WORK REQUEST: Exact transcription of the data below is required, without the images.

DATA SHOWN:
== Segment start ==

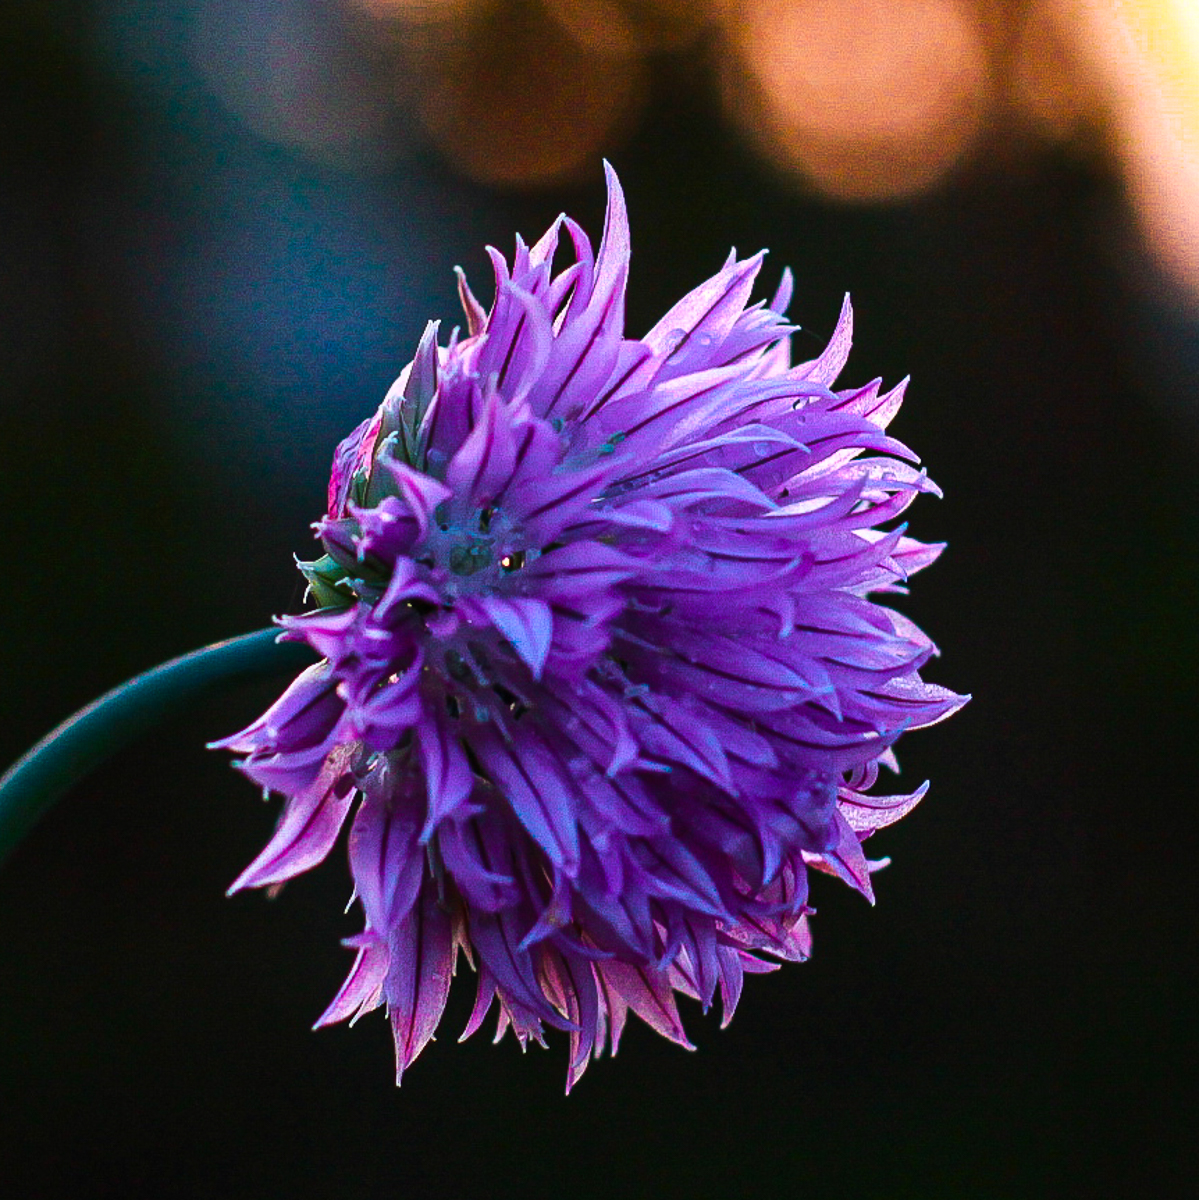 Close up of one purple allium flower with fading orange light and dark shadows behind.
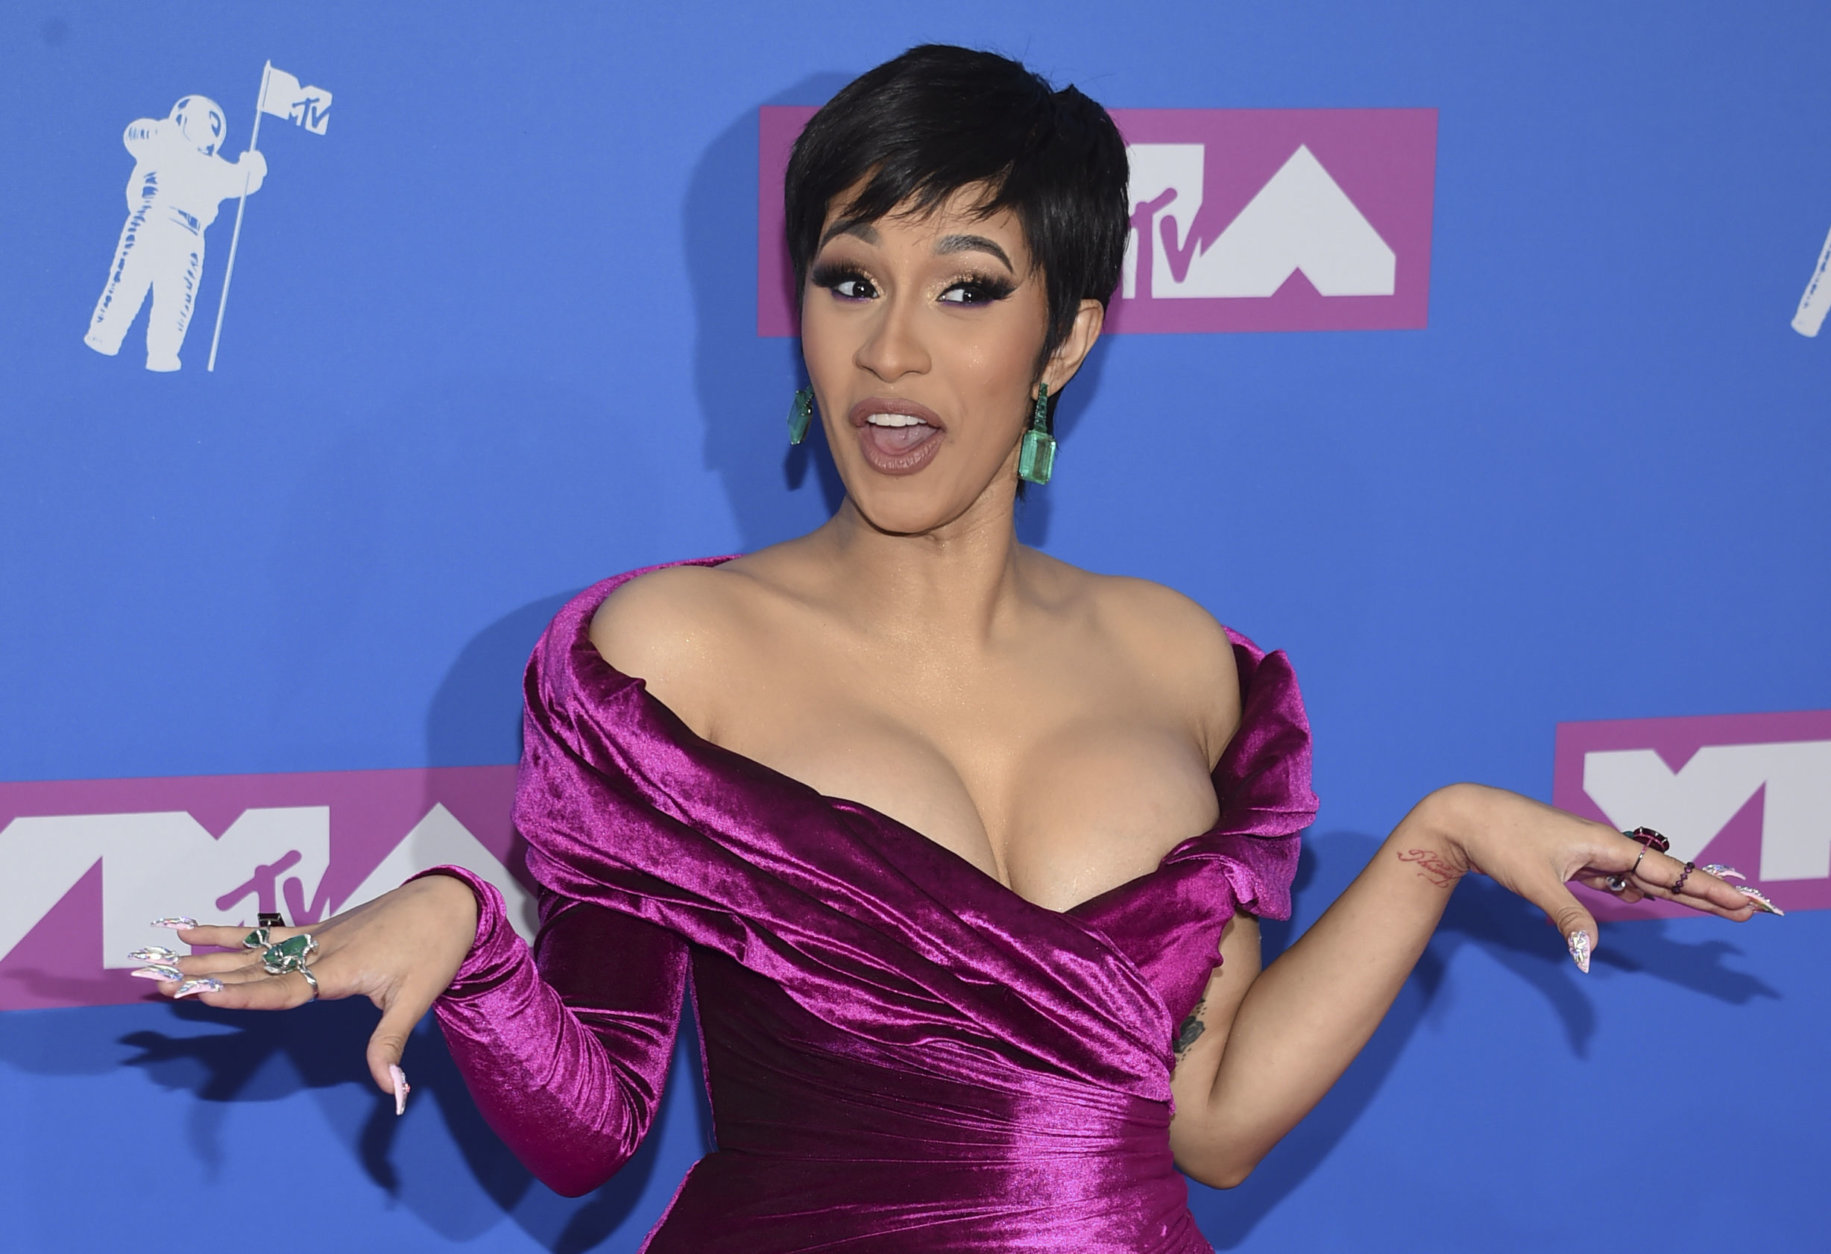 Cardi B arrives at the MTV Video Music Awards at Radio City Music Hall on Monday, Aug. 20, 2018, in New York. (Photo by Evan Agostini/Invision/AP)
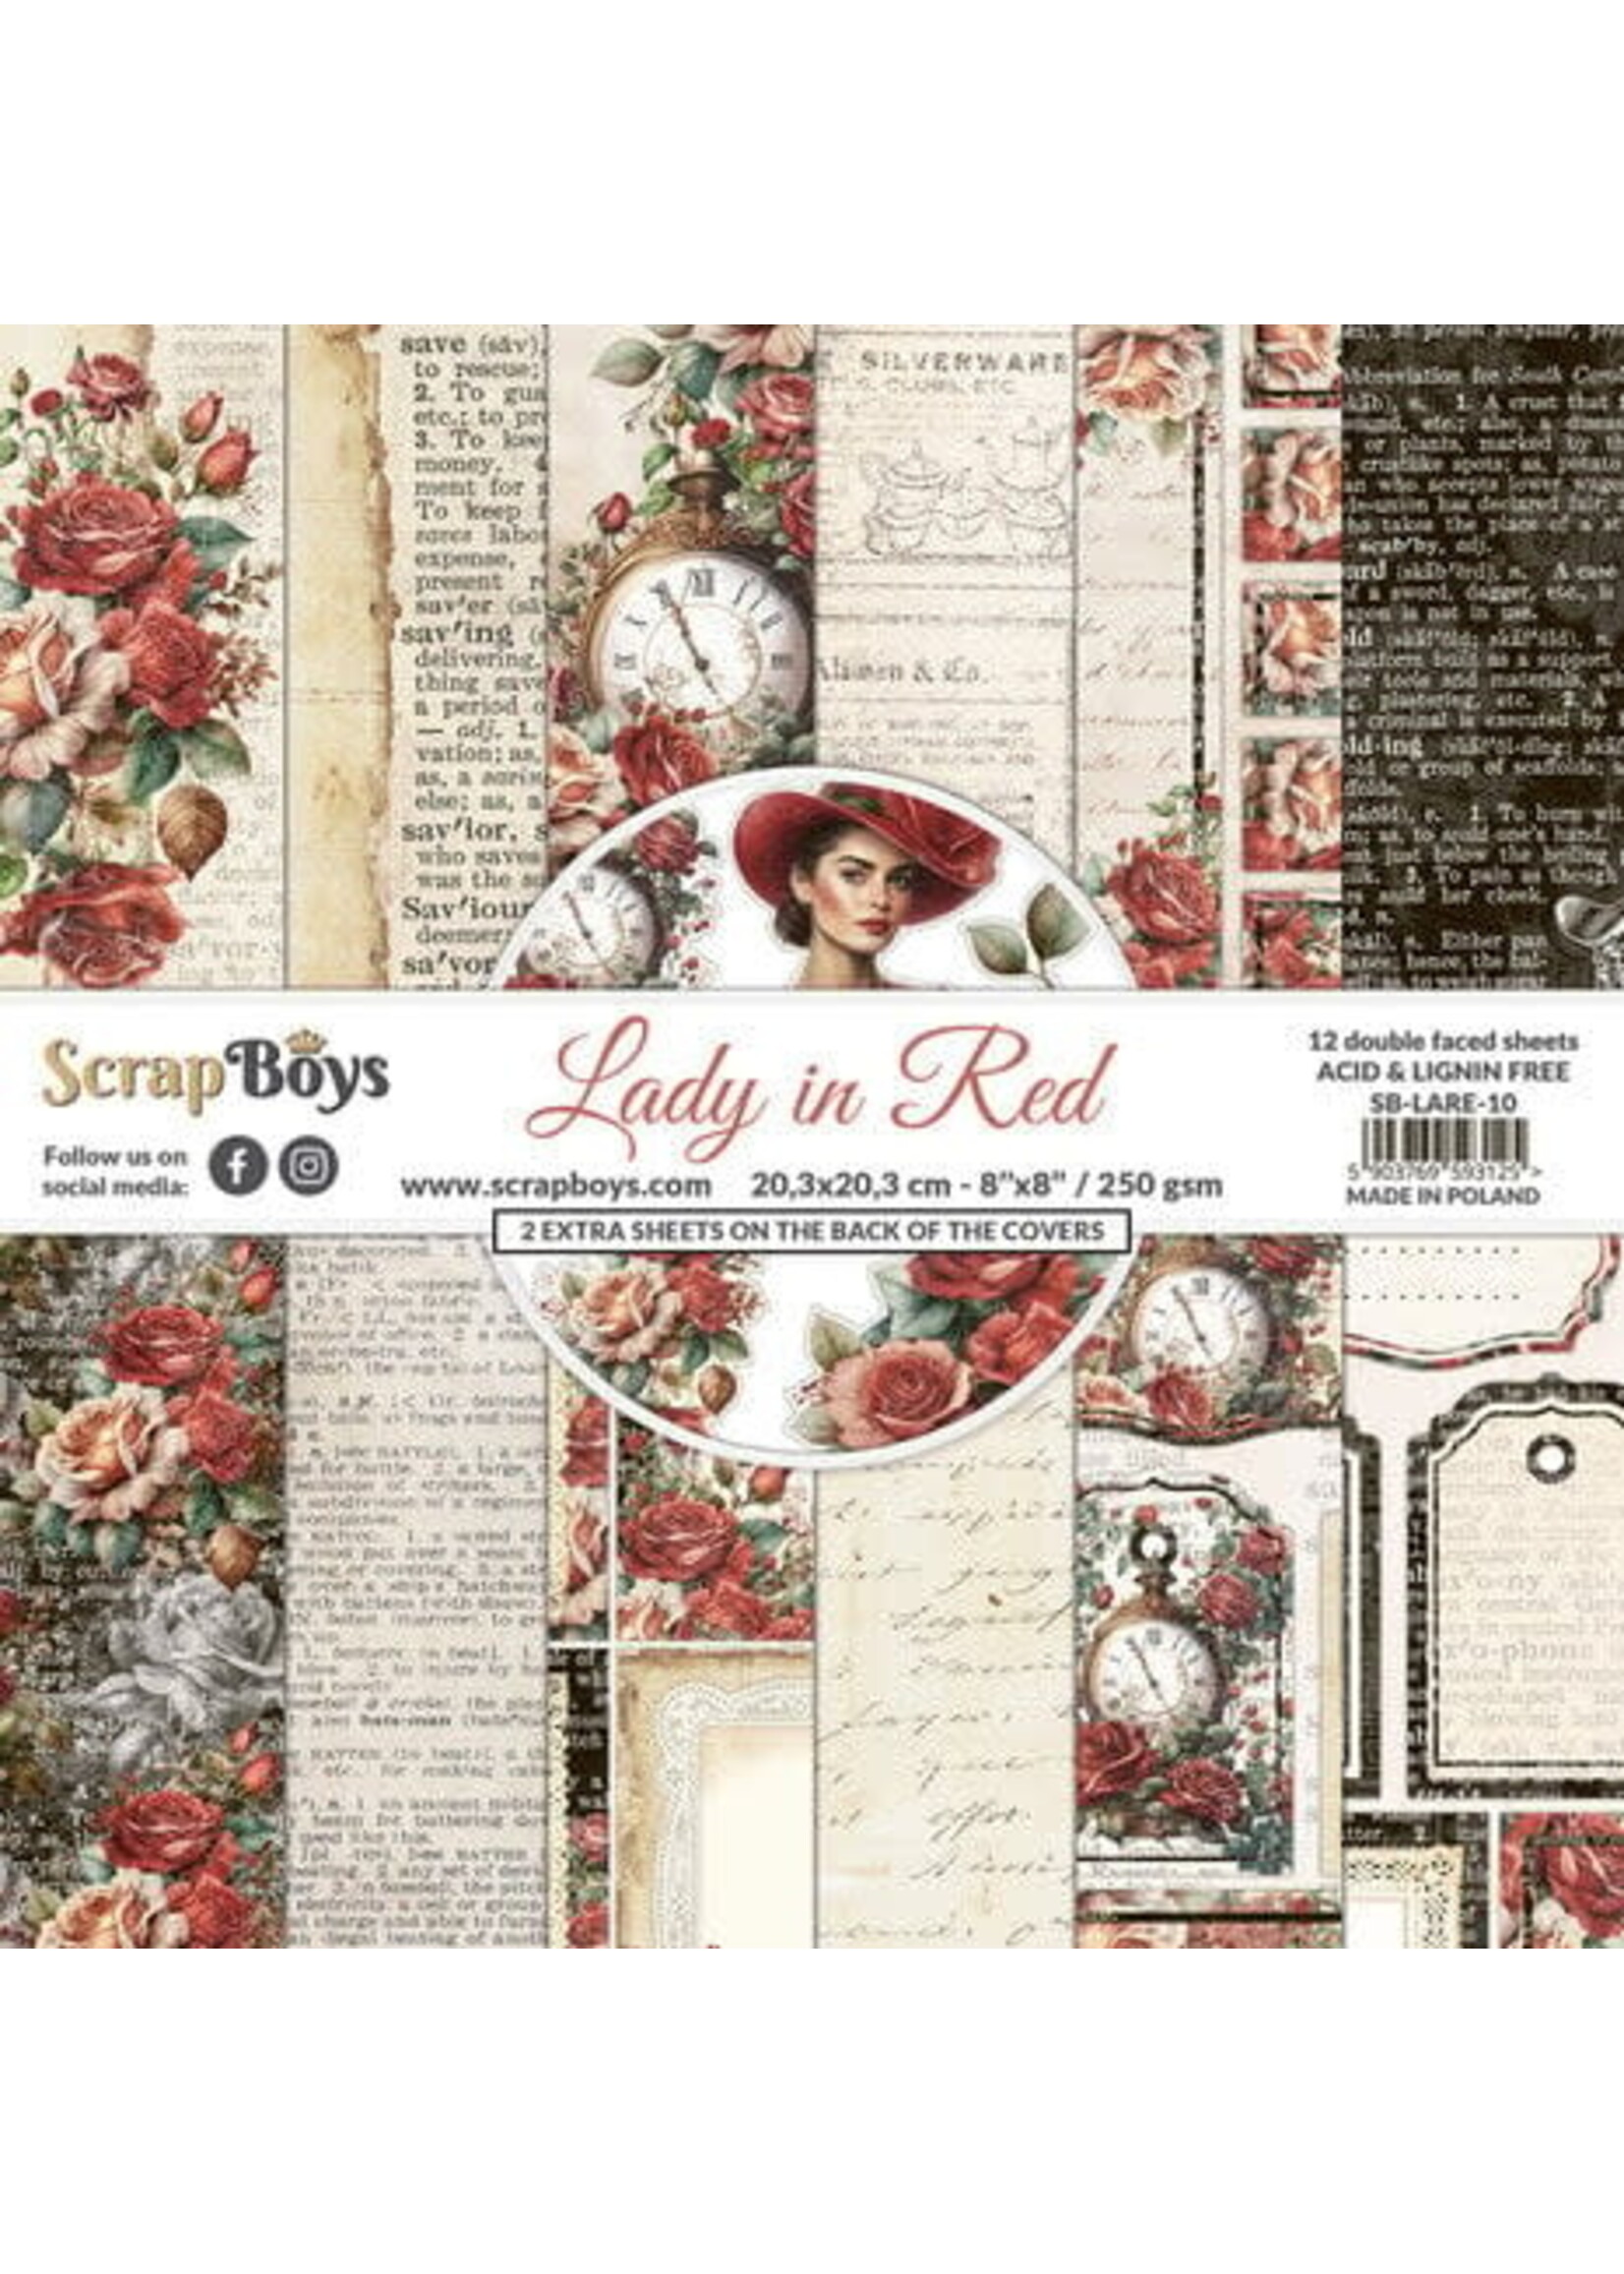 Scrapboys Lady in Red 8x8 Inch Paper Pad (SB-LARE-10)

== Segment end ==

OUTPUT FOR THIS TASK:
 Close up of one purple allium flower with fading orange light and dark shadows behind.
 Cardi B arrives at the MTV Video Music Awards at Radio City Music Hall on Monday, Aug. 20, 2018, in New York. (Photo by Evan Agostini/Invision/AP)
 Scrapboys Lady in Red 8x8 Inch Paper Pad (SB-LARE-10)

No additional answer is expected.